Trotz verhaltener Reaktionen aus dem Channel ist Fakt: All IP kommt bis 2018. »ISDN hat das End of Life erreicht«, sagt Markus Jodl, Kommunikationsleiter des Infrastrukturausbaus der Deutschen Telekom. »Unsere Ziele waren immer ambitioniert, aber dieser Termin bleibt fix.« Davon gehen auch verschiedene Unternehmen aus der ITK-Branche aus. »Mit Blick auf die derzeit sichtbaren Aktivitäten, speziell im Vertriebs- und Marketingbereich, halte ich das Jahr 2018 für eine absolut realistische Einschätzung«, sagt Bernd Büttner, Director Strategic Marketing bei Bintec Elmeg. Und auch Jürgen Städing, CPO bei NFon, sieht keine Problemstellung bei der Erreichung des Termins: »Die Telekom hat ihre Arbeit gemacht. Die Technik und die Bandbreiten sind da.«
Um diesen Plan umzusetzen, greift der Netzbetreiber zu teils vehementen Mitteln. Wie die Verbraucherzentrale Sachsen offenlegte, gingen in den vergangenen Wochen Schreiben an Privatkunden, in denen die Telekom dazu auffordert, sich für einen neuen IP-Tarif oder die Kündigung zu entscheiden. »Intern gab es ein langes Hin und Her, da es letztendlich eine Kündigung bleibt«, so Jodl gegenüber CRN. Die Vorlaufzeit von meist 4,5 Monaten sei jedoch angemessen und der Netzbetreiber biete die entsprechenden Alternativen an. »Die Anfrage nach Business-Lösungen hält sich noch in Grenzen, derzeit überwiegen Anfragen von verunsicherten Privatkunden, da die Telekom und deren Vertriebspartner hier viel Druck aufbauen«, sagt Wimmer. Unternehmenskunden sind laut Jodl nicht von entsprechenden Schreiben betroffen. In diesen Fällen arbeite die Telekom im Gespräch individuelle Lösungen aus.

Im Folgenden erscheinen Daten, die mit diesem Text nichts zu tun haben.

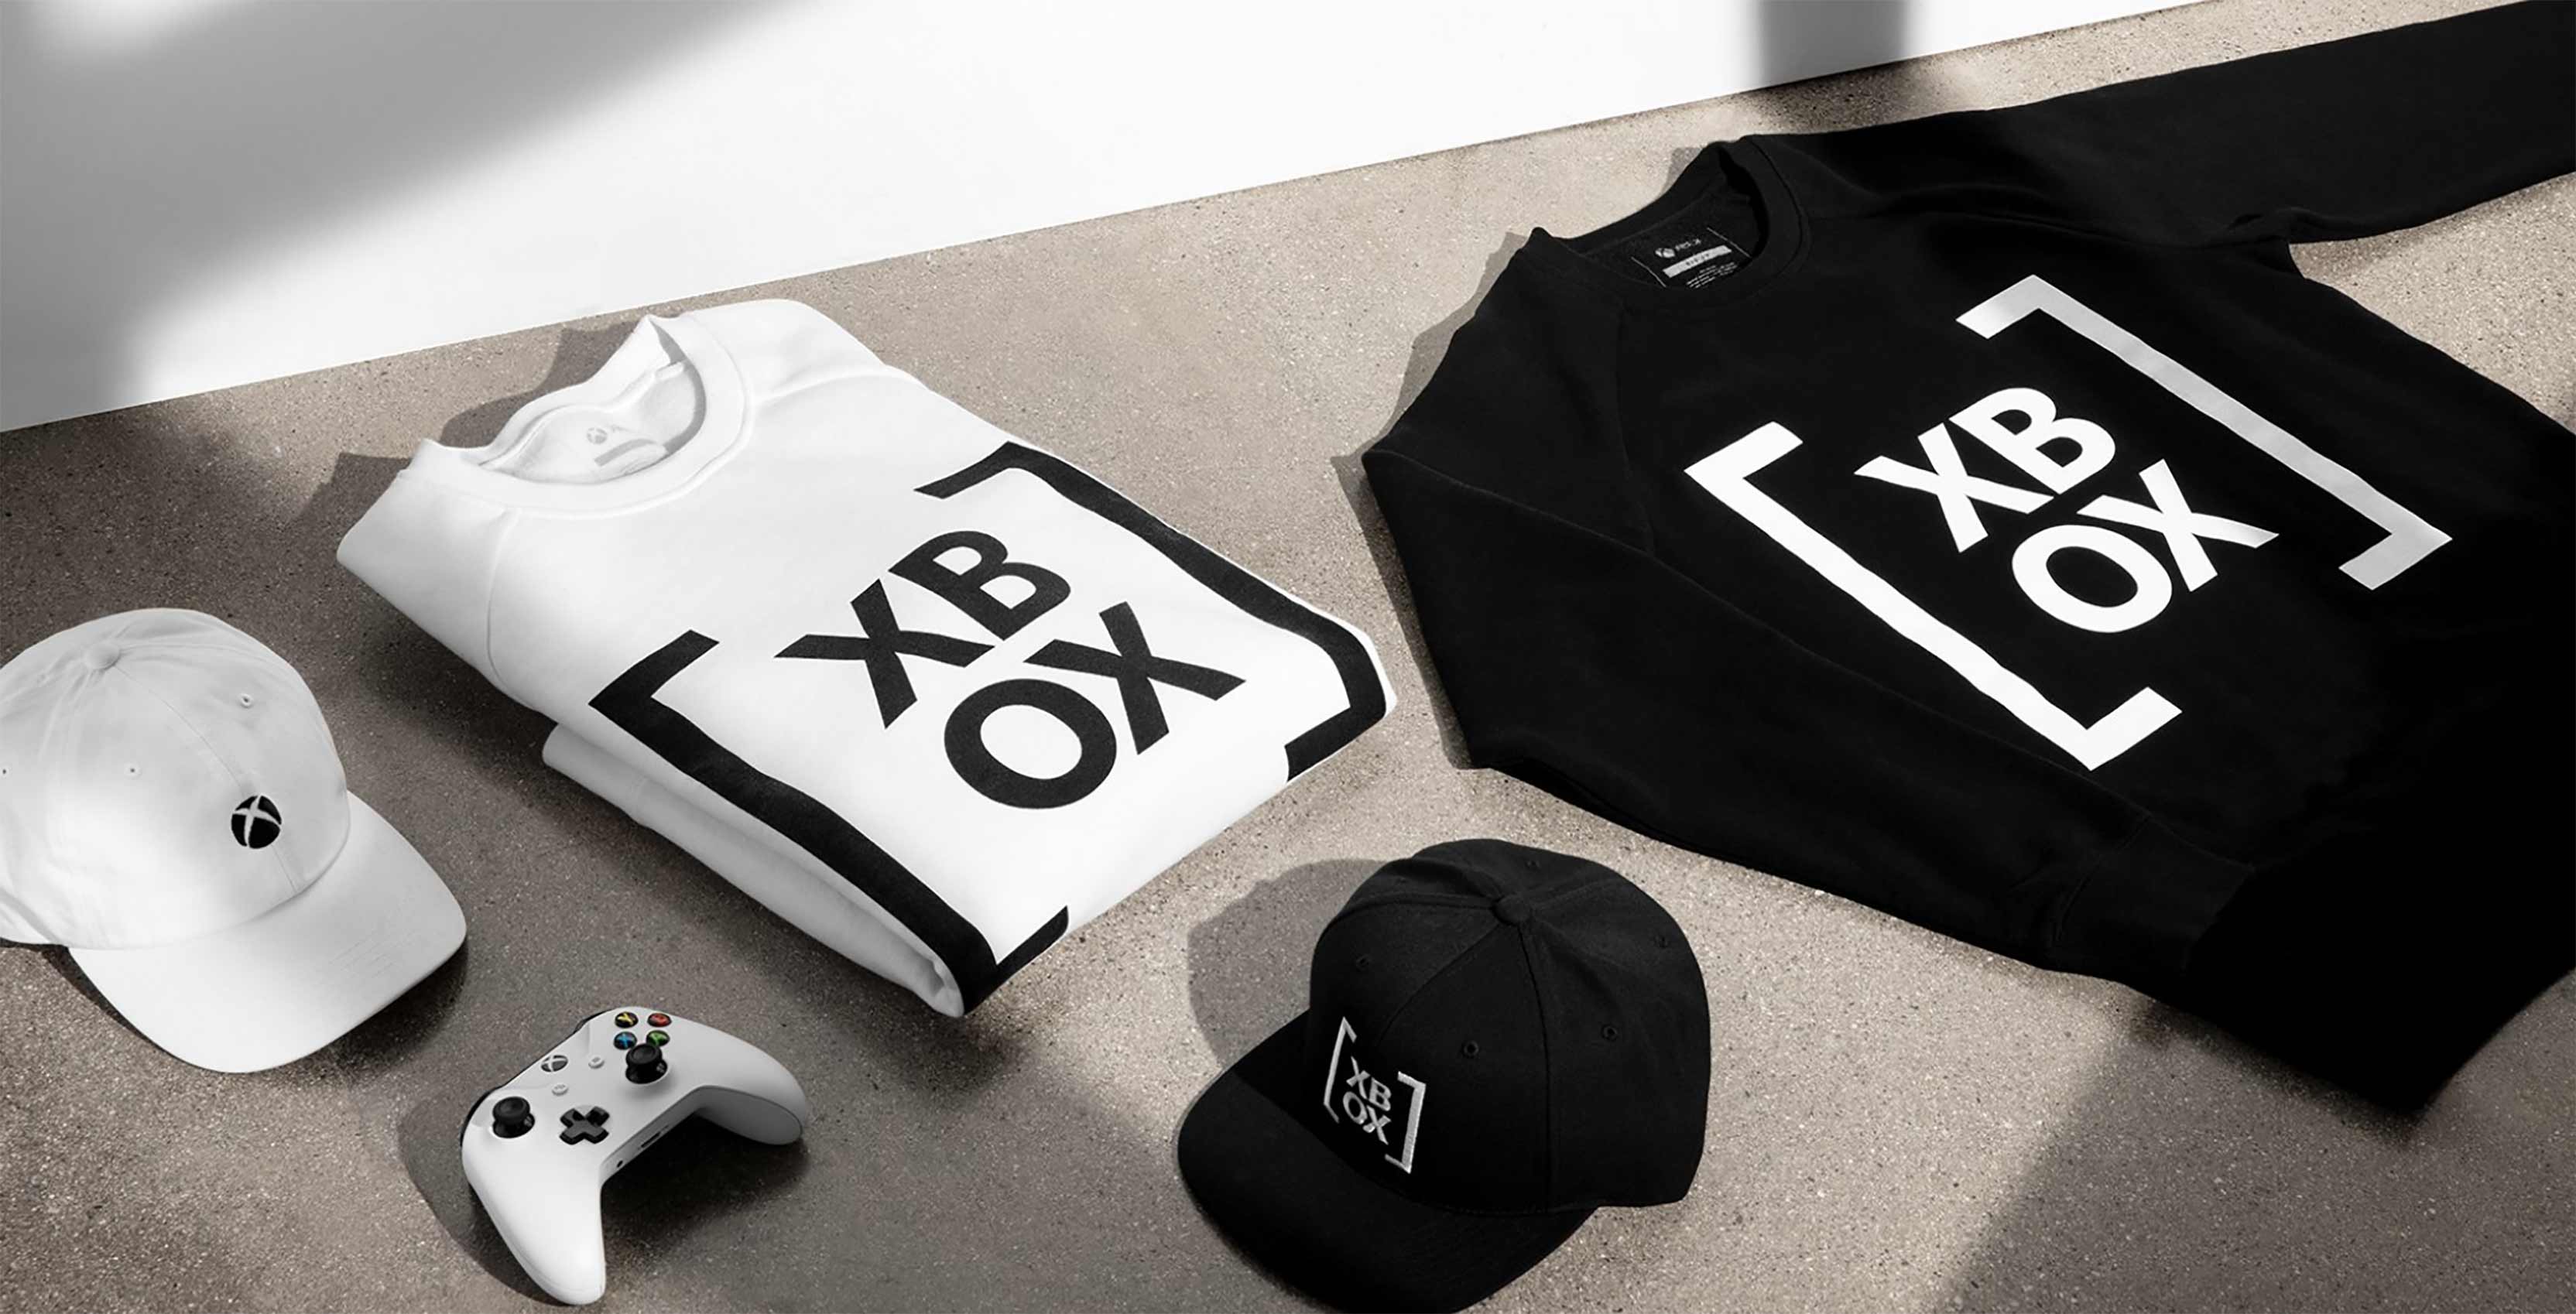 official Xbox merch store in Canada

Trotz der moderateren Gangart im Unternehmensumfeld zeigt der Nachdruck des Netzbetreibers bei der Umsetzung, wie brennend das Thema All IP für die komplette Branche ist und quasi jede Minute an Bedeutung gewinnt. »Aktuell dürfte der Anteil von IP bei Amtsanschlüssen und SIP-Trunks bei unseren Kunden noch eher im niedrigen zweistelligen Bereich liegen«, sagt Michael Page, Vertriebsleiter bei Mitel Deutschland. »Doch erwarten wir, dass sich dieses Verhältnis kurz- bis mittelfristig sehr schnell zugunsten der SIP-Trunks deutlich verändern wird.« Ein vergleichbares Bild zeichnet sich in der Distributionslandschaft ab. »Die Nachfrage nach IP-basierten Telekommunikationslösungen ist gestiegen«, erklärt Hans-Jürgen Witfeld, Vertriebsleiter des Distributors Herweck. »Wir erwarten auch in den kommenden Jahren einen weiteren Anstieg und raten jedem Händler, seine Kunden entsprechend zu beraten.« Dieser Ratschlag bleibt in der Branche kein Einzelfall. Trotz der vielen Vorbehalte gegenüber der Zuverlässigkeit der reinen IP-Lösungen im Channel, weisen Branchenexperten auf die Unausweichlichkeit des Umstiegs hin (mehr erfahren Sie im Infokasten auf Seite 22) und die Notwendigkeit, besonders Neukunden schon jetzt mit der zukunftssicheren Technologie auszurüsten. »Für Unternehmen, die heute noch auf klassische Telefonanlagen ohne IP-Zugang oder Aufrüstbarkeit gesetzt haben, bedeutet die Umstellung im Jahr 2018 eine notwendige Investition in eine neue, moderne Telefonanlage«, erklärt Dagmar Geer, Vorstandsvorsitzende des Herstellers Innovaphone. »Möglicherweise wird das noch einmal einen neuen Schub für IP- und UC-Lösungen bedeuten.« Und auch Witfeld rät zur sofortigen Umstellung der TK-Systeme: »Welcher Kunde, sowohl Privat- als auch Geschäftskunde, möchte sich in spätestens drei bis vier Jahren um eine neue Telekommunikationslösung oder gar neue, unter Umständen kostenintensive Hardware kümmern?« Bestandkunden könnten hingegen, solange sich keine Hardwareengpässe einstellen, warten, bis bei ihnen das Netz auf IP umgestellt wird.